§ **ABOUT THIS EXERCISE**:
Write out every line below that includes the word "floral".

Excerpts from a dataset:
------------------------------------------------------------------------

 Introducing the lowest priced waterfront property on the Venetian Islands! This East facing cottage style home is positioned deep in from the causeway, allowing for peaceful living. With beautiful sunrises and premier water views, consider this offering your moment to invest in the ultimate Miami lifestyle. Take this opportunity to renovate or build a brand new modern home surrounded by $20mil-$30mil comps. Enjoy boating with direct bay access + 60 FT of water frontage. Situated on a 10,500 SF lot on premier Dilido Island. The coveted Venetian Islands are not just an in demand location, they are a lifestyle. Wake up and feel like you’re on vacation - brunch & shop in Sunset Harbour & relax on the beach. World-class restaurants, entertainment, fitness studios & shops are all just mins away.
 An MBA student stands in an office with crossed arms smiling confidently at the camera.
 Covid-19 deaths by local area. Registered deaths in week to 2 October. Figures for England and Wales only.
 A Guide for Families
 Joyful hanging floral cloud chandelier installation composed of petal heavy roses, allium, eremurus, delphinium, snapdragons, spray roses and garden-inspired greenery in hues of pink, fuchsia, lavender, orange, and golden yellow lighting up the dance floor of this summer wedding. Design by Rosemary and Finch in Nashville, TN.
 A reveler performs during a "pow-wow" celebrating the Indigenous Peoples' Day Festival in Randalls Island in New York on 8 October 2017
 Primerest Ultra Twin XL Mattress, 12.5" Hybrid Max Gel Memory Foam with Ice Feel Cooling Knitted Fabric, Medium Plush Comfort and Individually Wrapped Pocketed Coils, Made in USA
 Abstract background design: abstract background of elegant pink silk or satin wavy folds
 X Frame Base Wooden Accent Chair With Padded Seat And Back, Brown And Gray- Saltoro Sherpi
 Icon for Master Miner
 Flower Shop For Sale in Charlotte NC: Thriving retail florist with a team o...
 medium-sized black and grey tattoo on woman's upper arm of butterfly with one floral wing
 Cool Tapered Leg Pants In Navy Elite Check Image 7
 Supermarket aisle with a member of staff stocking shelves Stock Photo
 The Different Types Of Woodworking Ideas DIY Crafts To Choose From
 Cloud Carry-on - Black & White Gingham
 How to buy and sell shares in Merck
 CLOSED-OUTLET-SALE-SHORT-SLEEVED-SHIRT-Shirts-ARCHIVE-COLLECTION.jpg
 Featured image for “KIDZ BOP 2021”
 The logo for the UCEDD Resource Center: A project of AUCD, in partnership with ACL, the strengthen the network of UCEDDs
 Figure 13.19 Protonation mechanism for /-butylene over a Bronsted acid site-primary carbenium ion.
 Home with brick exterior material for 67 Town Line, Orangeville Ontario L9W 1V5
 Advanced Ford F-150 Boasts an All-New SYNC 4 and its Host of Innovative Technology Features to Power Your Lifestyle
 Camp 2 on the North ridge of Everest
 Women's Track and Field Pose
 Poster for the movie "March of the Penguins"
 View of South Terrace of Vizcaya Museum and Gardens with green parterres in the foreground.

------------------------------------------------------------------------

§ **REPLY**:
 Joyful hanging floral cloud chandelier installation composed of petal heavy roses, allium, eremurus, delphinium, snapdragons, spray roses and garden-inspired greenery in hues of pink, fuchsia, lavender, orange, and golden yellow lighting up the dance floor of this summer wedding. Design by Rosemary and Finch in Nashville, TN.
 medium-sized black and grey tattoo on woman's upper arm of butterfly with one floral wing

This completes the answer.